# JPMC QR Mentorship - Case Study 1
## Khushmeet Chandi

This notebook is specific to NVIDIA Corporation ("NVDA") between January 1, 2020, to January 1, 2024. The stock ticker symbol and date range can be changed. This notebook serves to provide a framework to begin analyzing stocks and take a first attempt at answering the guidance questions. 

In [None]:
import yfinance as yf
import pandas as pd
import numpy as np
import matplotlib.pyplot as plt
import pandas as pd
import torch
import torch.nn as nn
import torch.optim as optim
import torch.utils.data as data

In [None]:
stock_ticker_symbol = "NVDA" # NVIDIA Corporation ("NVDA")

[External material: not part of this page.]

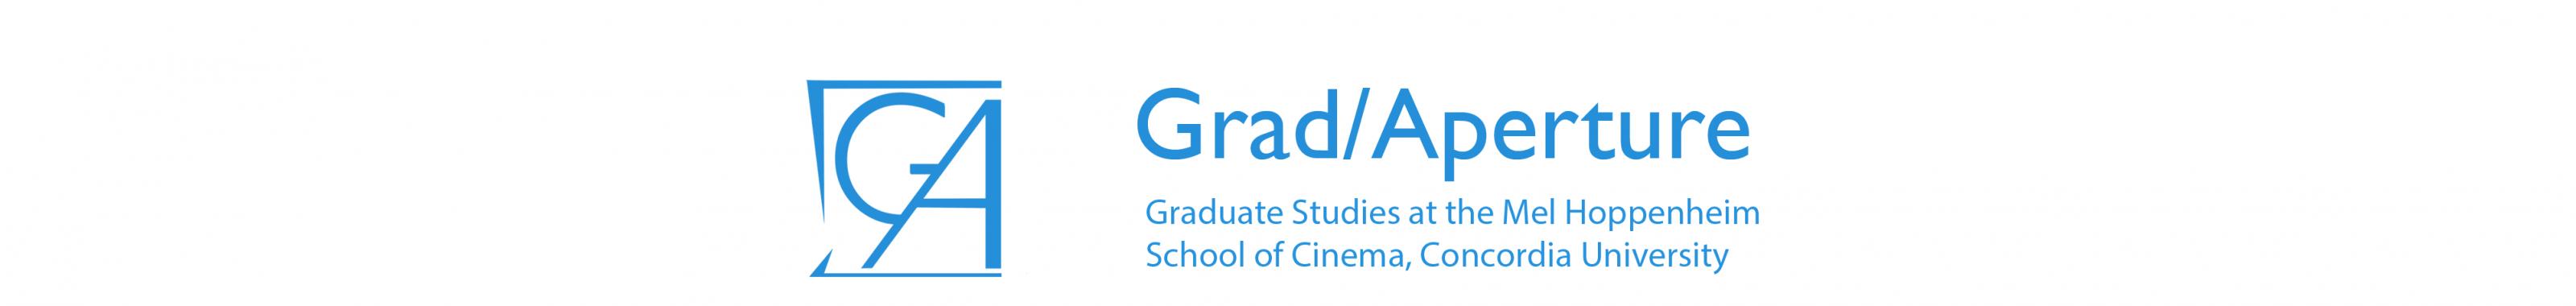 Grad/Aperture

nvda = yf.Ticker(stock_ticker_symbol)

# get stock info
nvda.info

In [None]:
# get historical market data
nvda.history(period="max")

In [None]:
# show actions (dividends, splits)
nvda.actions

In [None]:
# show dividends
nvda.dividends

In [None]:
# show splits
nvda.splits

### 1.) What was the change in price of the stock over time?

In [None]:
# Fetches historical stock data for "NVDA"from January 1, 2020, to January 1, 2024
stock_data = yf.download(stock_ticker_symbol, start="2020-01-01", end="2024-01-01")

In [None]:
# Calculate daily change in Closing price
stock_data['Daily Change'] = stock_data['Close'].diff()
# Plotting the change in Closing price over time
plt.figure(figsize=(14, 7))
plt.plot(stock_data.index, stock_data['Close'], label='Close Price', color='blue')
plt.title('Change in Stock Price over Time for {}'.format(stock_ticker_symbol))
plt.xlabel('Date')
plt.ylabel('Stock Price ($)')
plt.legend()
plt.grid(True)
plt.show()

### 2) What was the daily return of the stock on average?

In [None]:
# Calculating the average daily return of the stock 
stock_data['Daily Return'] = stock_data['Close'].pct_change() * 100
average_daily_return = stock_data['Daily Return'].mean()

In [None]:
# Plotting the average daily return of the stock 
plt.figure(figsize=(10, 6))
plt.hist(stock_data['Daily Return'].dropna(), bins=50, edgecolor='black', alpha=0.7)
plt.title('Daily Returns Distribution for {}'.format(stock_ticker_symbol))
plt.xlabel('Daily Return (%)')
plt.ylabel('Frequency')
plt.grid(True)
plt.show()

This visualization reperesents the distribution of daily returns using a histogram to understand the volatility and frequency of different return values.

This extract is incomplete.